(Dataset section)
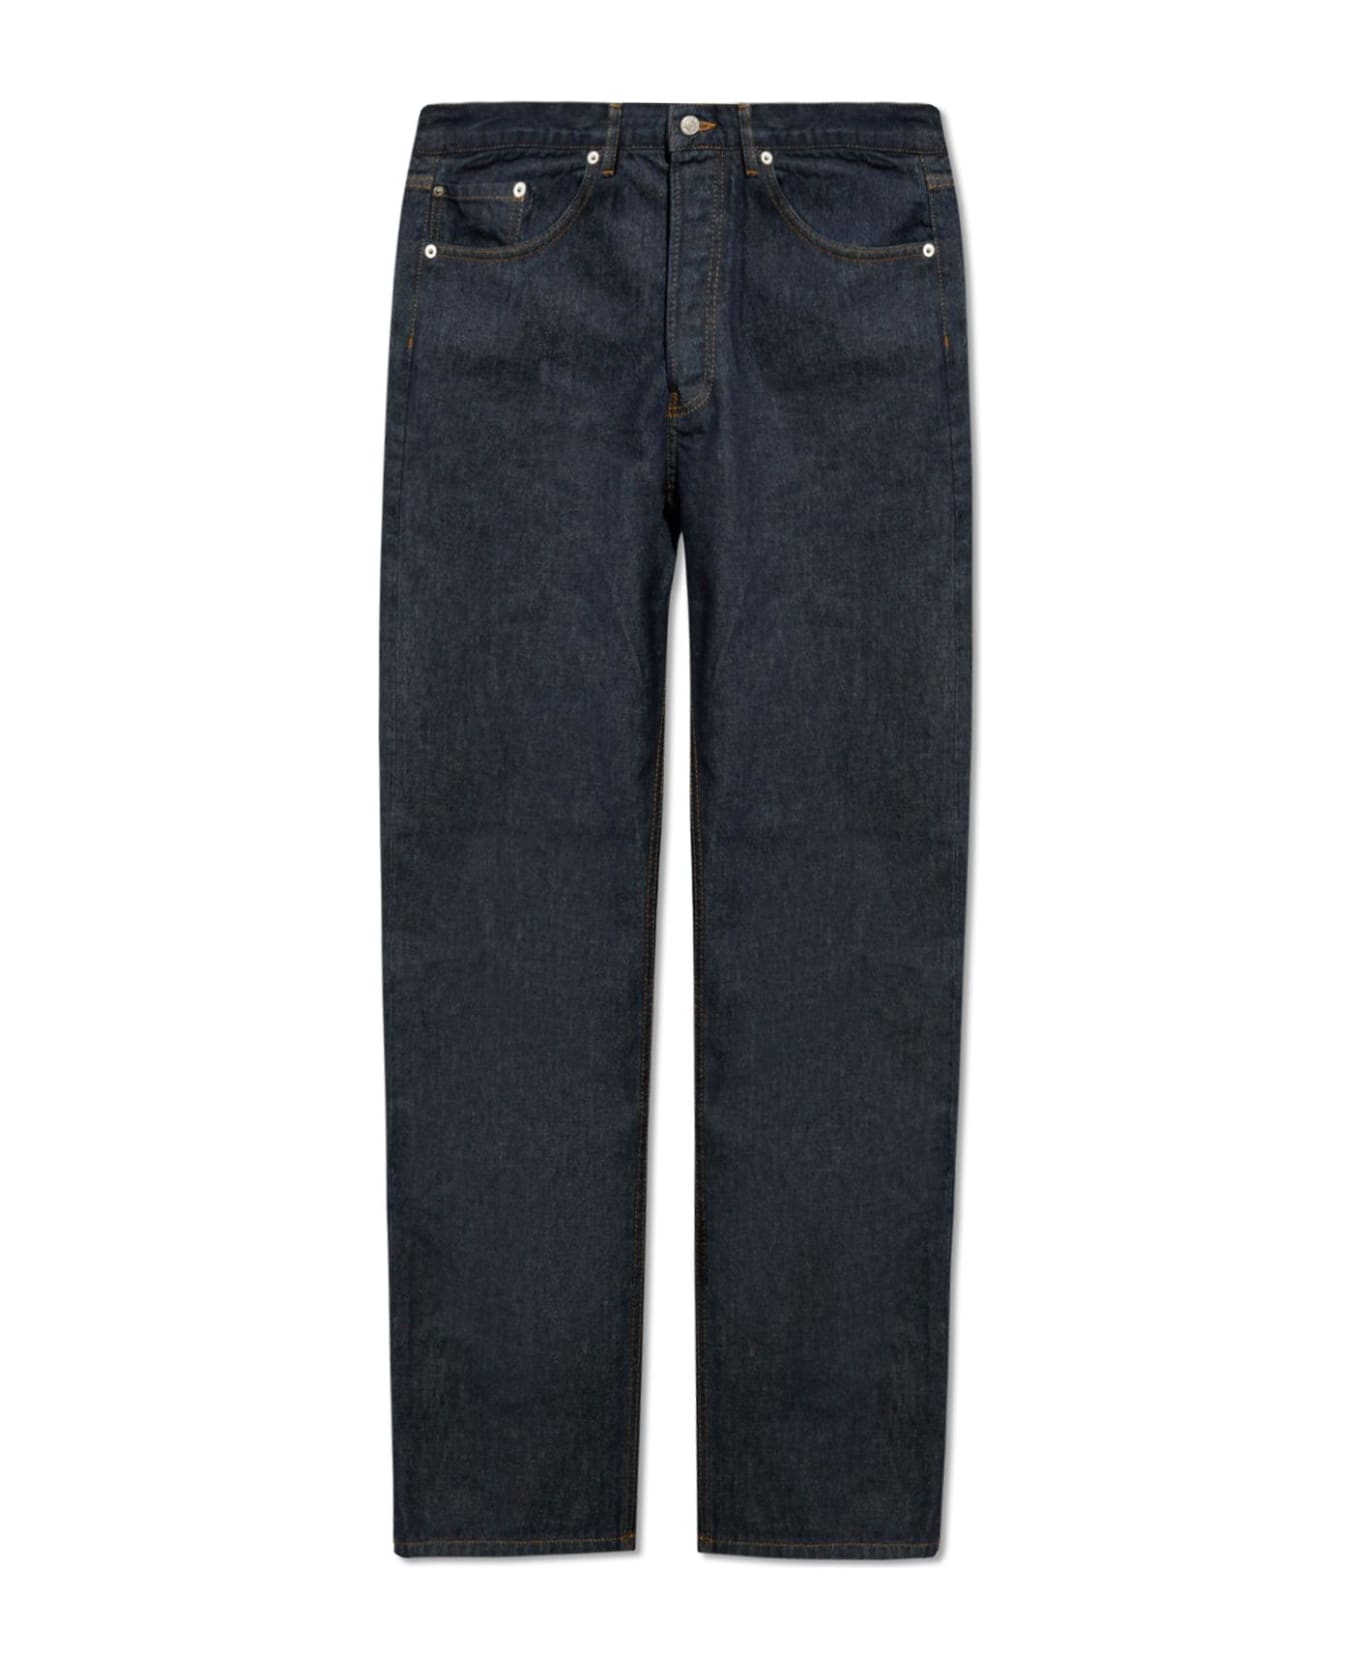 Dries Van Noten Jeans With Straight Legs - INDIGO
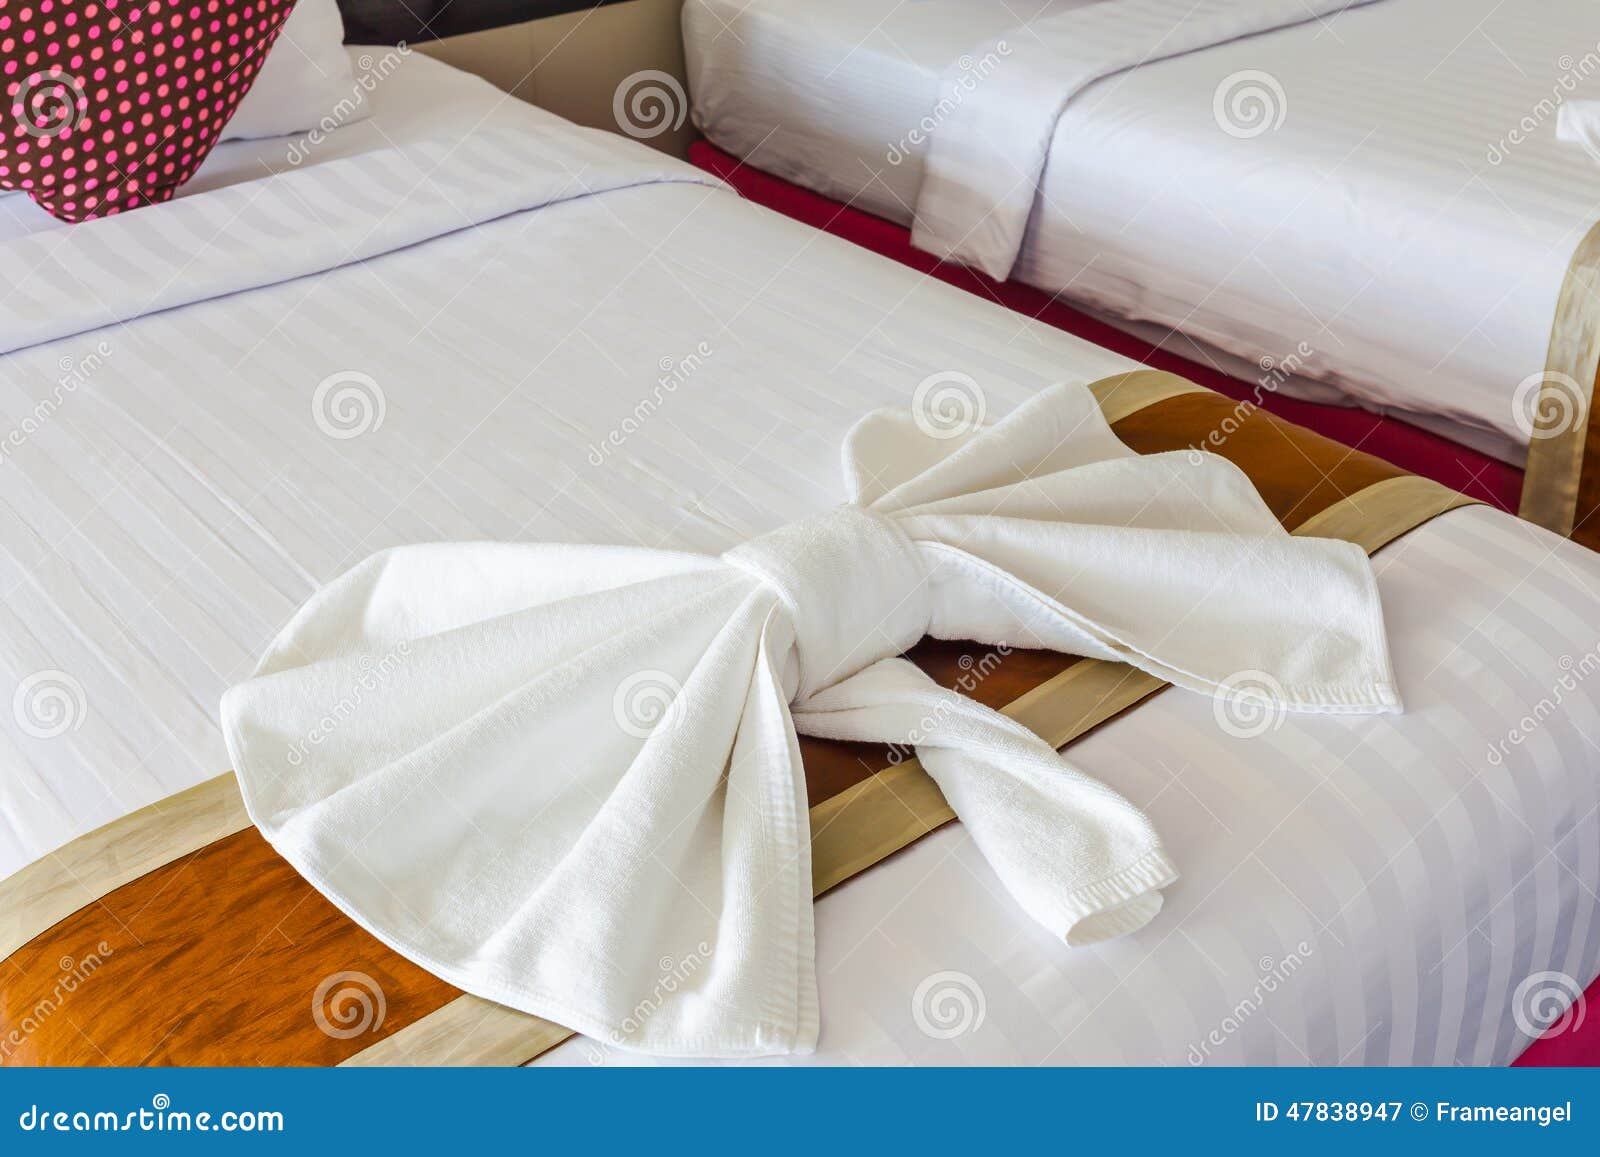 Полотенце на кровати. Полотенца на кровати в гостинице. Красиво сложенные полотенца в гостинице. Полотенца на кровати красиво сложенные. Сложить полотенце красиво в гостинице на кровати.
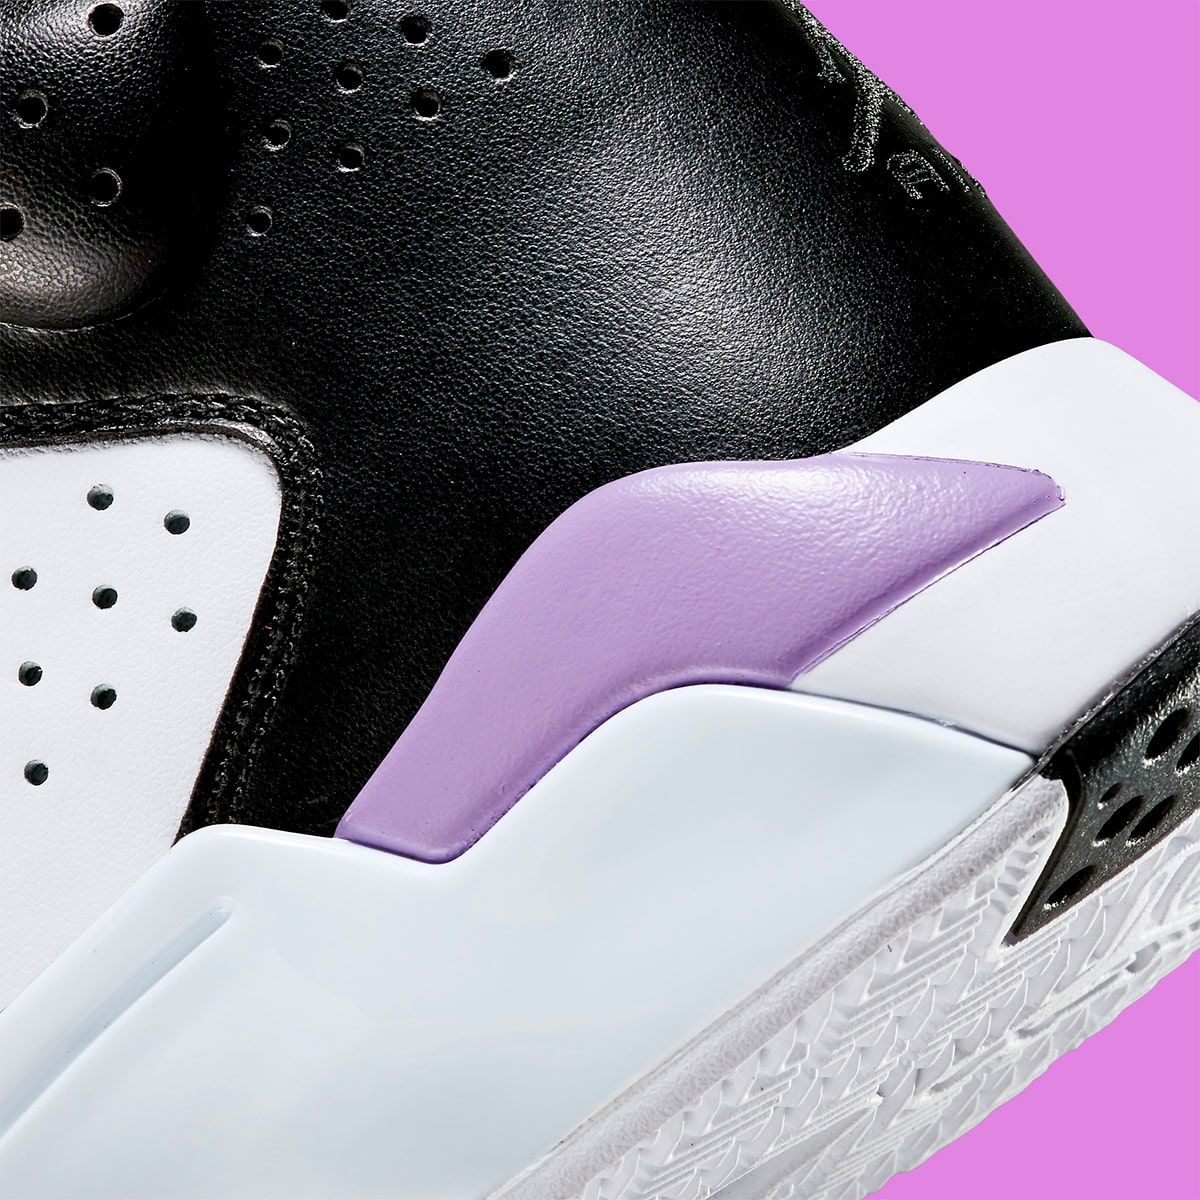 Girls-Exclusive Air Jordan 6-17-23 Leverages Light Violet Accents

(What you will do) Omit any images, then output the listing exactly.

(Response)
 Dries Van Noten Jeans With Straight Legs - INDIGO
 Полотенце на кровати. Полотенца на кровати в гостинице. Красиво сложенные полотенца в гостинице. Полотенца на кровати красиво сложенные. Сложить полотенце красиво в гостинице на кровати.
 Girls-Exclusive Air Jordan 6-17-23 Leverages Light Violet Accents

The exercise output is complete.